Lynx, Fever Well Aware Of Task That Lies Ahead In Game 5
MINNEAPOLIS — The stage is set, the final adjustments have been made and the WNBA is set to crown a champion Wednesday night (8PM ET, ESPN 2). And the enormity of the situation is something that is not lost on the two teams fighting for WNBA glory.
After all, it’s the first Game 5 in the WNBA Finals since 2009. The Phoenix Mercury knocked off the Indiana Fever in five games that year, and that series was one marked by similar talks of the series’ place among the best WNBA Finals in league history.
Now, four games into the series, the WNBA Finals 2015 presented by Boost Mobile has created its own lore. Indiana took Game 1 on the road, which gave the Indiana Fever two games at home to win the title.
But as Maya Moore has done throughout her young, yet illustrious career, she hit a clutch shot when her team was in dire need of heroics. With 1.7 seconds remaining in Game 3, Moore hit what will go down as one of the biggest shot in WNBA Finals history.
Suddenly, Indiana was on the ropes. Again. Yet the Fever rose to the occasion in Game 4 behind a balanced effort from Marissa Coleman, Shenise Johnson, Tamika Catchings and the Fever bench.
So now it’s Game 5. As Fever guard Briann January said following Game 4, the fifth and final game will be an all-out “war.”
“It’s going to take absolutely everything,” January said, “and I’m sure everybody is going to say that, but it is. I’m sure [Minnesota’s] going to come out pissed off that they lost a game, that they lost an opportunity to win a championship in four. We have to be ready for that. We have to play our best basketball of the year, plain and simple, to be able to walk out of there with a championship. So, it’s going to be tough and we’ve got to clean it up and refocus and get better before then.”
Fever forward Marissa Coleman hasn’t played in a game of this magnitude since she was playing for an NCAA title at the University of Maryland. That experience, though, is beneficial for Coleman’s approach to Game 5. It’s a winner-take-all game for a chance to culminate a season’s worth of hard work.
“It’s going to take everything,” Coleman said. “We’re going to have to put together a complete 40-minute game. There’s not going to be a lot of margin for errors. We’re not going to be able to say, ‘Oh, next game.’ All the little mistakes we made [in Game 4], offensive rebounds. It’s going to be even more crucial next game.”
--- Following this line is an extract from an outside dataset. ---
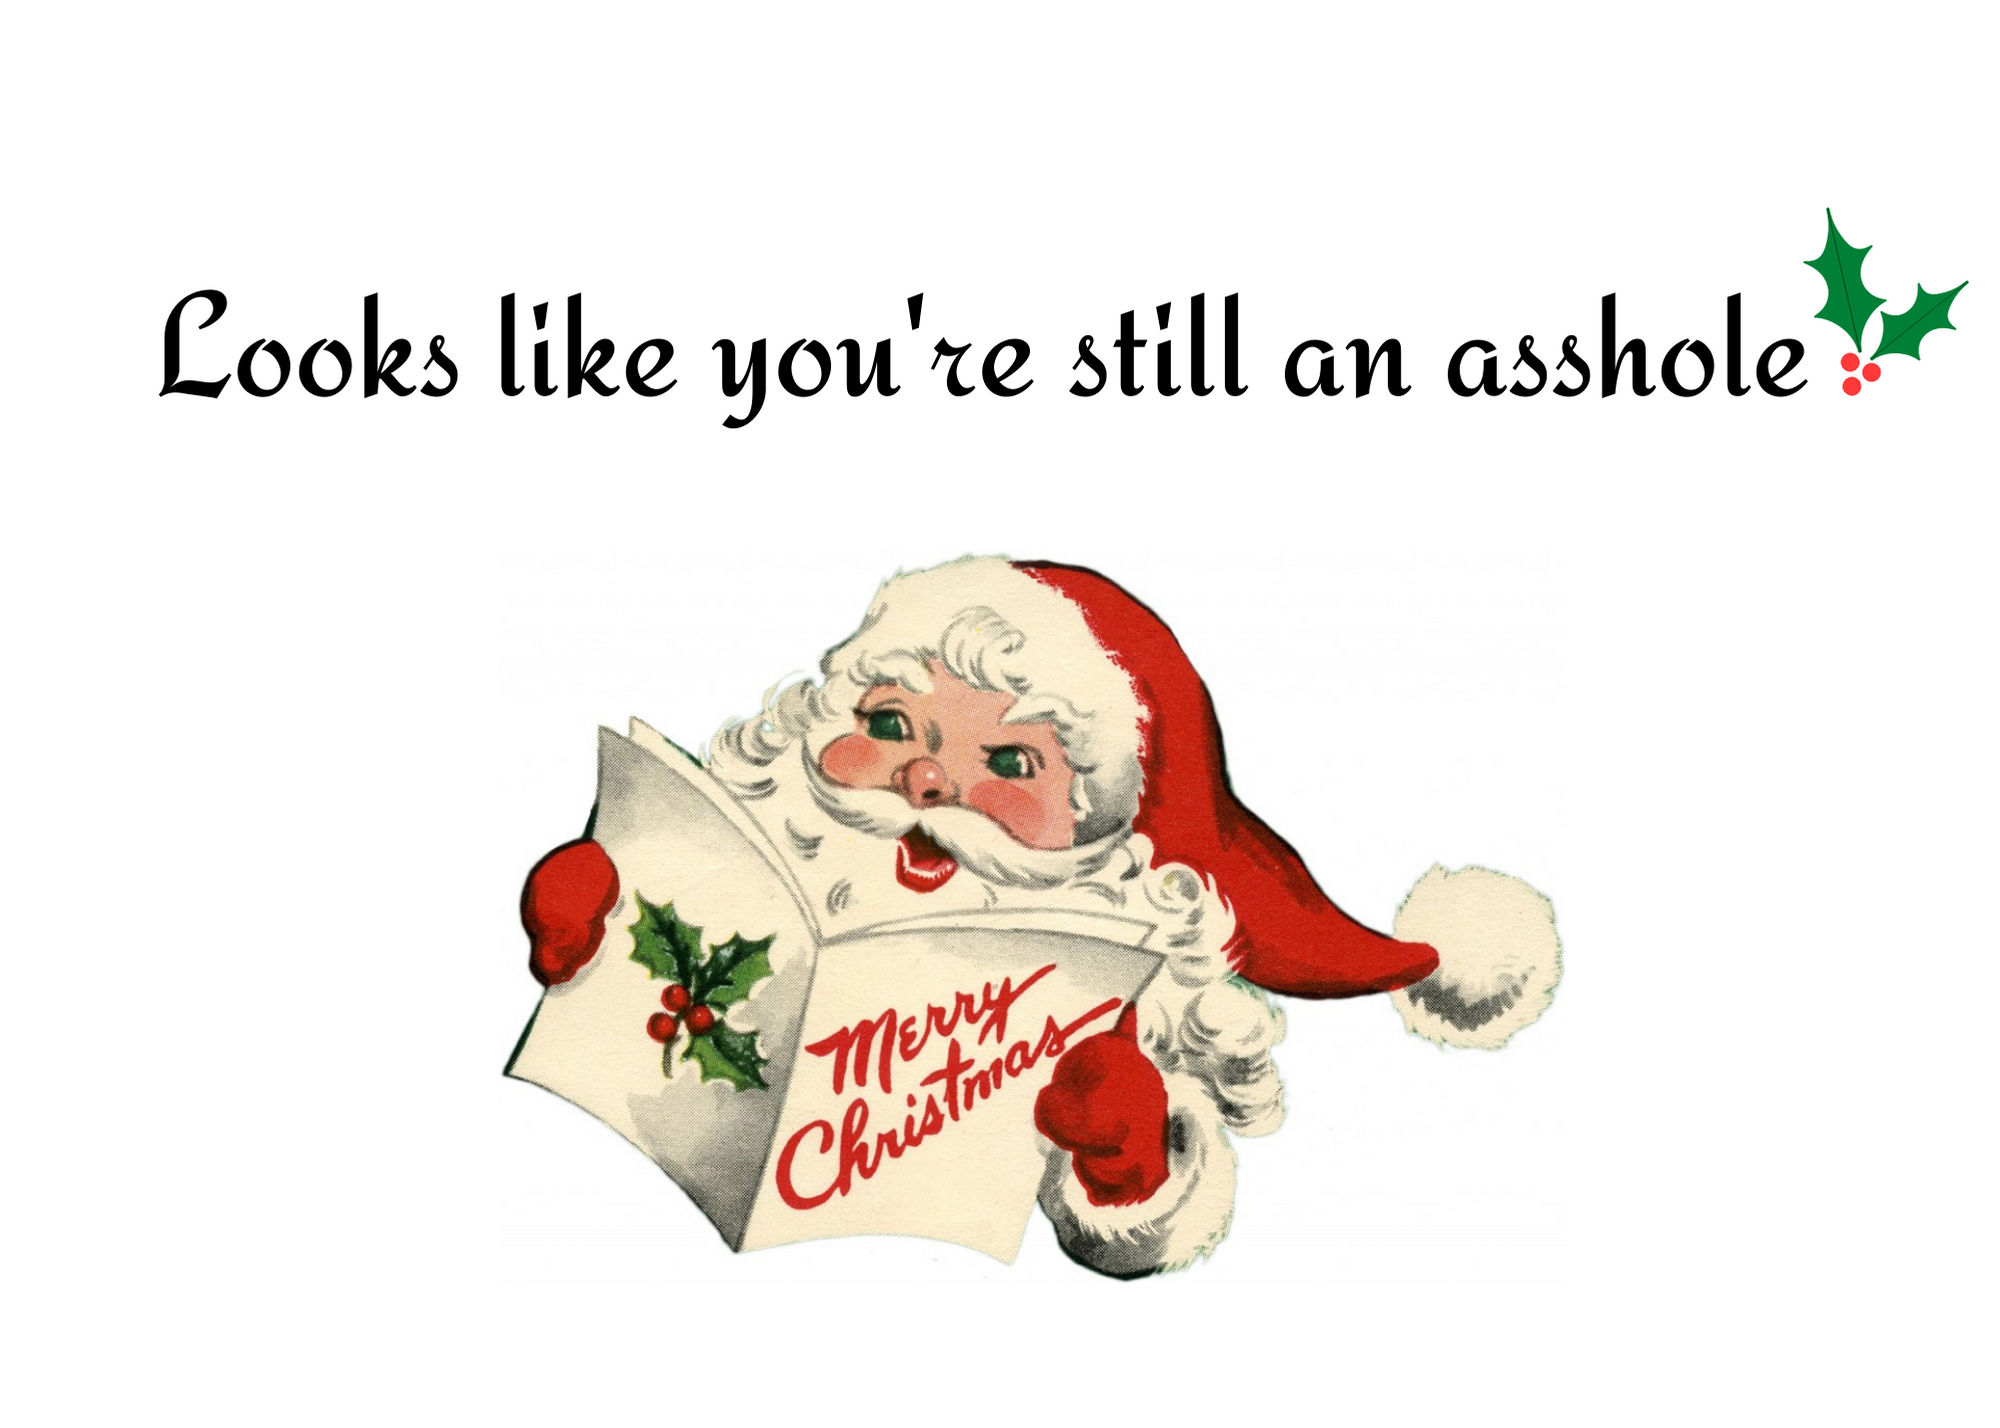 White seed paper greeting card says "Looks like you're still an asshole" with vintage Santa

For Minnesota, Game 5 is a second chance this series to bring home the franchise’s third WNBA title (2011, 2013). It’s a chance to avenge the franchise’s 2012 loss to Indiana, which is something the players have shied away from discussing, but undoubtedly something that weighs in the back of the core’s minds.
“It’s going to be a grind,” said Lynx forward Rebekkah Brunson, who was a member of that 2012 Lynx team. “It’s going to be a fight. I think you have two teams here that are really intense and are really going to try to leave everything out there to do what they can to get the win for their team. I think it’s going to be intense, it’s going to be exciting, but it’s definitely going to be a fight.”
“It’s huge,” added Brunson’s frontcourt-mate Devereaux Peters. “It’s kind of back to that feeling you had in college. You never know when your last game is going to be, so you have to fight every night. With the league you can be a little bit more calm because you know it’s a series, but I haven’t really been a part of many series that come down to this. Especially in five games, obviously, it’s been a long time. It’s huge. It’s very big for us and the league. And just the fact that it’s been such a great series all around, it’s been fun to be a part of.”